Western allies appear to have retreated from supplying F-16 and other western fighter jets to Ukraine over the past 24 hours, with the UK joining the US in quashing Kyiv’s hopes it could obtain the jets soon after the west agreed to send it tanks.
Joe Biden, US president, when asked at the White House late on Monday if his country would provide F-16s, answered simply “no”, although he emphasised on Tuesday morning he would remain in discussions with Ukraine about its weapons requests.
Later on Tuesday, the UK also said supplying western jets was not practical. “These are sophisticated pieces of equipment,” a Downing St spokesperson said. “We do not think it is practical to send those jets into Ukraine.”
Ukraine responded by saying it would continue lobbying, arguing that the west had repeatedly said no to supplying weapons such as tanks before relenting over time. Oleksii Reznikov, the defence minister, said on a visit to Paris: “All types of assistance at the beginning went through the ‘no’ stage. This means ‘no’ as of today.”
His French counterpart, Sébastien Lecornu, reiterated there was “no taboo” on the supply of jets, echoing similar remarks made by Emmanuel Macron on Monday evening. France also said it would donate 12 Caesar howitzers to Ukraine after the summit between the two ministers.
The French president had said that “nothing is excluded in principle” when asked about western fighter jets for Ukraine – but he then laid out a series of criteria before making a decision.
Any delivery would have to “not be escalatory”, Macron said, and the jets could “not be likely to hit Russian soil but purely to aid the resistance effort”. Arms supply must also not weaken the capacity of the French armed forces, he added.
Ukraine had begun a high-profile lobbying campaign for the fighters, manufactured by the US defence company Lockheed Martin, almost immediately after Germany and the US said they would supply their own tanks to Ukraine for the first time earlier this month.

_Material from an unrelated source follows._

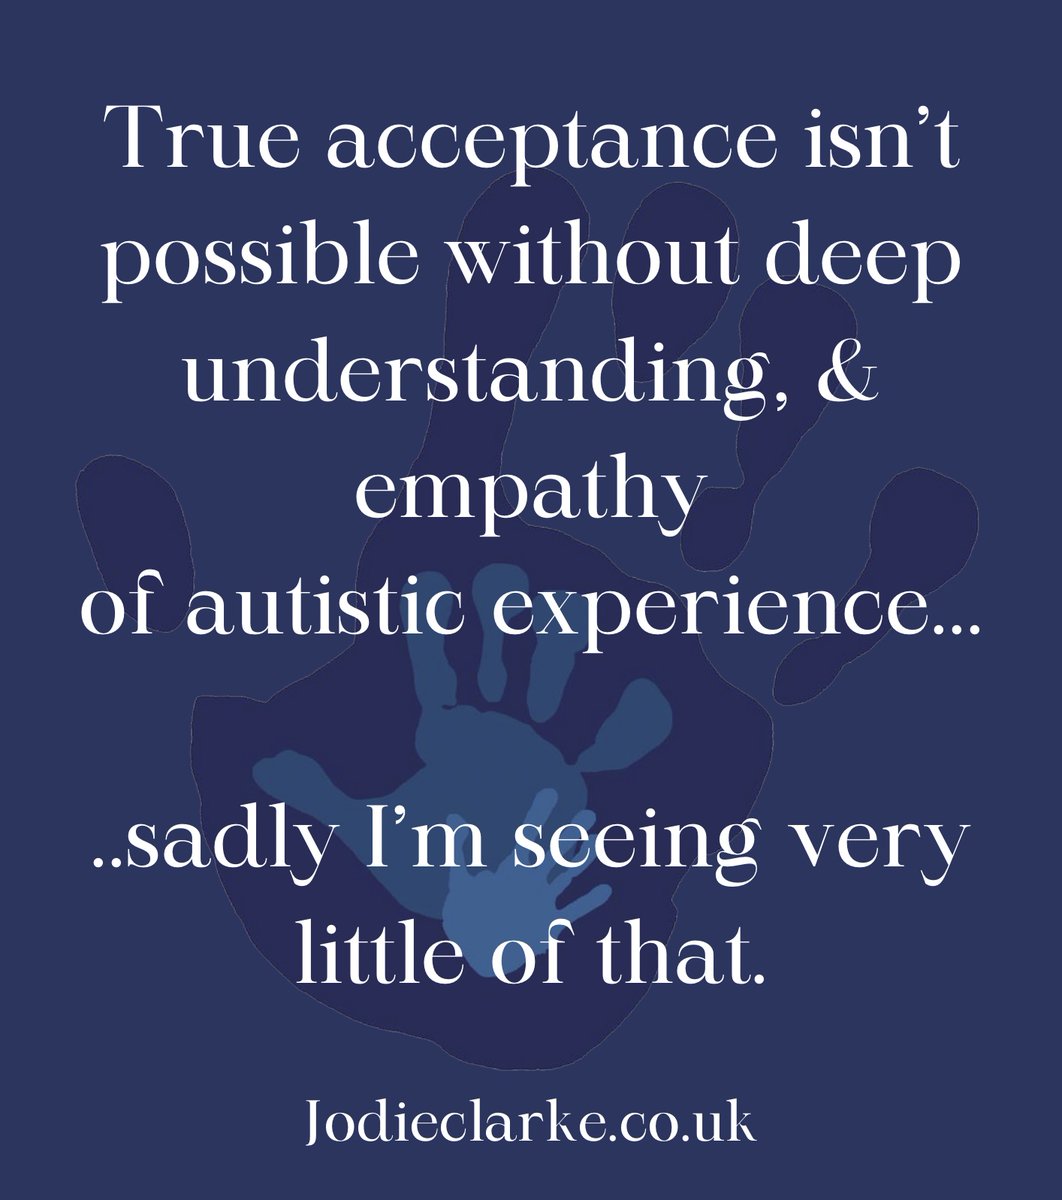 #AutismAcceptance #ActuallyAutistic #autistic #Neurodivergent

Air force spokesman Yuri Ignat said on Tuesday that Ukraine was seeking 200 fighter jets, to create “five brigades of tactical aviation” ideally with one type of multi-purpose aircraft of western design in order to help it achieve a military breakthrough.

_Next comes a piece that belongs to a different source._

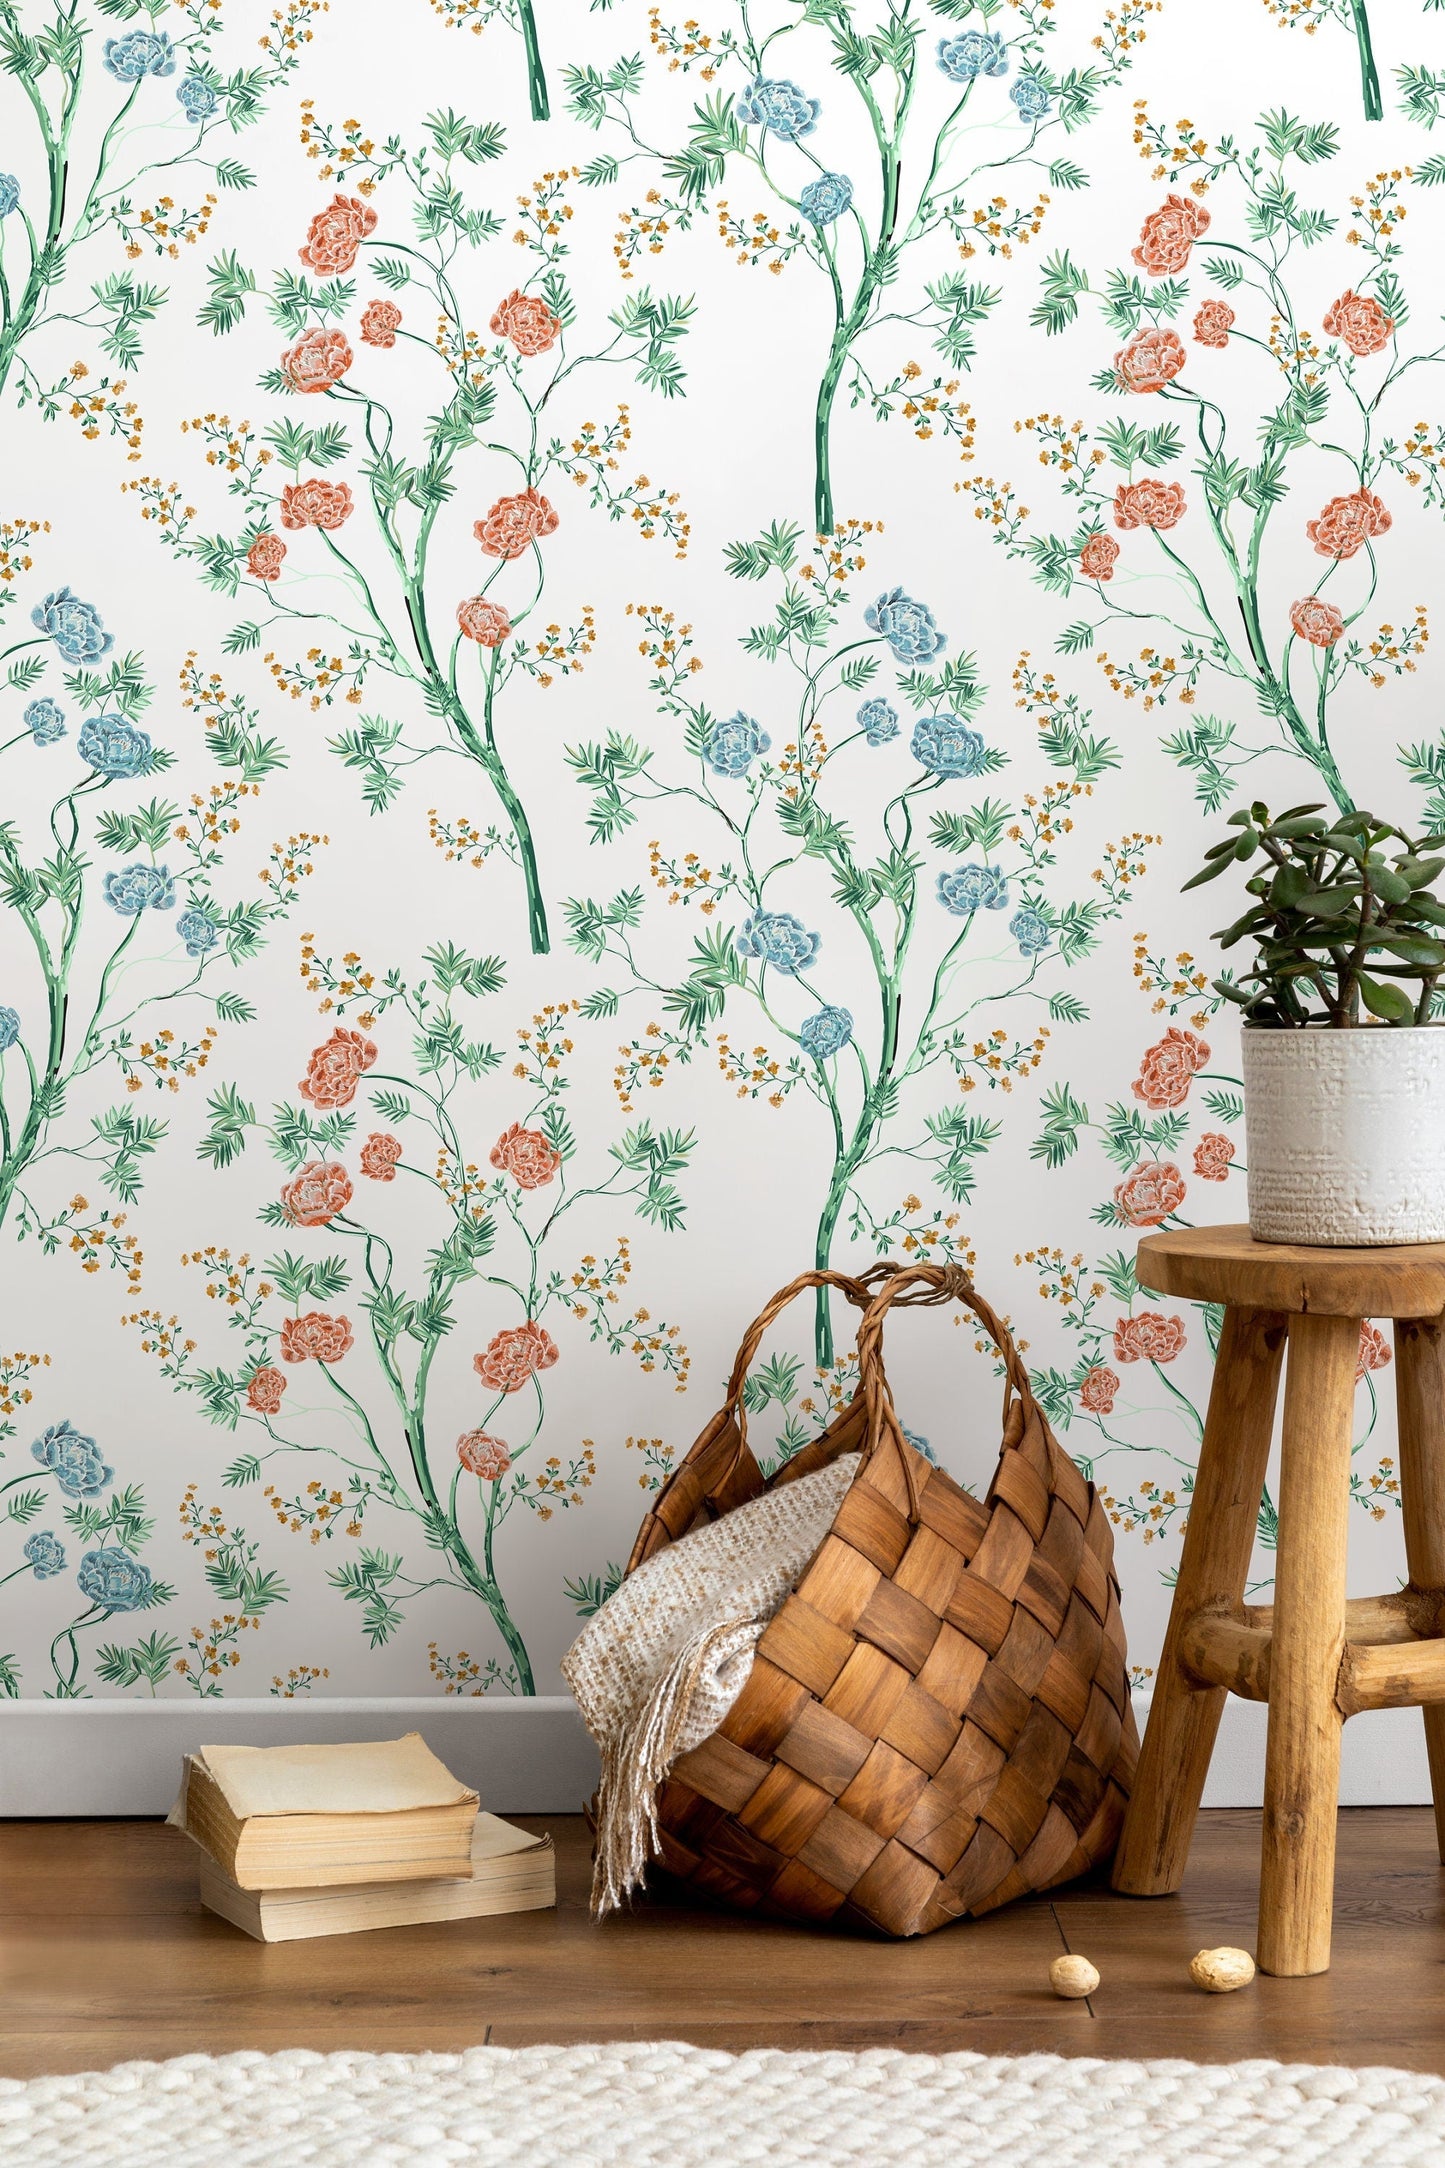 Boho Floral Garden Wallpaper / Peel and Stick Wallpaper Removable Wallpaper Home Decor Wall Art Wall Decor Room Decor - D121

Ukraine’s small air force has been reduced over the 11-month war, and while it has some jets still operational, it has at best a very limited capacity to take on Russia’s air force and help its ground forces attack entrenched Russian positions.
Biden’s decision represents a serious knockback, at least for now, and it likely to be partly based on concerns that the Kremlin could argue that F-16s could be used to hit targets inside Russia, and so could be readily interpreted by Moscow as a significant escalation in the war.
There was more positive news for Kyiv on tanks, with Ukraine’s foreign secretary, Dmytro Kuleba, announcing that Kyiv had received commitments to send 120 to 140 western tanks in a “first wave” of deliveries, including German-made Leopard 2s, Abrams from the US and Challenger 2 tanks from the UK.
On Monday, the Kremlin spokesperson Dmitriy Peskov argued that while western countries supplying arms led to Nato countries “more and more becoming directly involved in the conflict” it would not change the course of the war.
Washington previously intervened to stop Poland transferring its fleet of MiG-29s, familiar to Ukrainian pilots, in the early stages of the war – but Kyiv had hoped the climate would change given that the White House has authorised the supply of US-made Abrams tanks after several months of holding out.
There are about 3,000 F-16s operational worldwide and the jet is in service in 25 countries. A Ukrainian air force spokesperson has said it would take its pilots about six months to train on such fighter jets, although there is also a requirement to train ground staff to fix and maintain them.
A western official also said in a briefing on Tuesday that military casualties on both sides in the war, now approaching the one year mark, totalled around 200,000 – with a similar number killed and wounded on either side.
A higher proportion of Russians had been killed however, the official added, because they had been on the offensive, meaning that “they’ve suffered more fatalities than the Ukrainians on balance”.